Gifu (岐阜市, Gifu-shi) is a city located in the south-central portion of Gifu Prefecture, Japan, and serves as the prefectural capital. The city has played an important role in Japan's history because of its location in the middle of the country. During the Sengoku period, various warlords, including Oda Nobunaga, used the area as a base in an attempt to unify and control Japan. Gifu continued to flourish even after Japan's unification as both an important shukuba along the Edo period Nakasendō and, later, as one of Japan's fashion centers. It has been designated a core city by the national government.
Located on the alluvial plain of the Nagara River, Gifu has taken advantage of the surrounding natural resources to create both traditional industries (including Mino washi and agriculture) and tourism opportunities such as cormorant fishing. Mount Kinka, one of the city's major symbols, is home to a nationally designated forest and Gifu Castle, a replica of Nobunaga's former castle. Gifu also hosts many festivals and events throughout the year.
Two major rail lines connect Gifu to Japan's national and international transportation infrastructure. JR Central's Tōkaidō Main Line runs through the city, connecting it with Nagoya, one of Japan's largest cities, and the surrounding area.
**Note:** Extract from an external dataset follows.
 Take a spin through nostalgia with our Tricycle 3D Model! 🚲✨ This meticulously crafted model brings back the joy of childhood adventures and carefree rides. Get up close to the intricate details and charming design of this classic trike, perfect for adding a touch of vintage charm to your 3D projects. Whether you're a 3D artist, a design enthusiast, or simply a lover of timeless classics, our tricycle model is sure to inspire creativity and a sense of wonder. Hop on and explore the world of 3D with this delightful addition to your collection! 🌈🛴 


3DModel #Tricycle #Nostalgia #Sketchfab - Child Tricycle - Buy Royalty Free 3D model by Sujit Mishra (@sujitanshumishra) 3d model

The city has a direct train route to Chubu Centrair International Airport and facilities capable of hosting international events. Gifu has active relationships with six sister cities.
As of 1 June 2019, the city has an estimated population of 401,534 in 178,246 households, and a population density of about 1,972 inhabitants per square kilometre (5,110/sq mi). The total area of the city was 203.60 square kilometers (78.61 sq mi).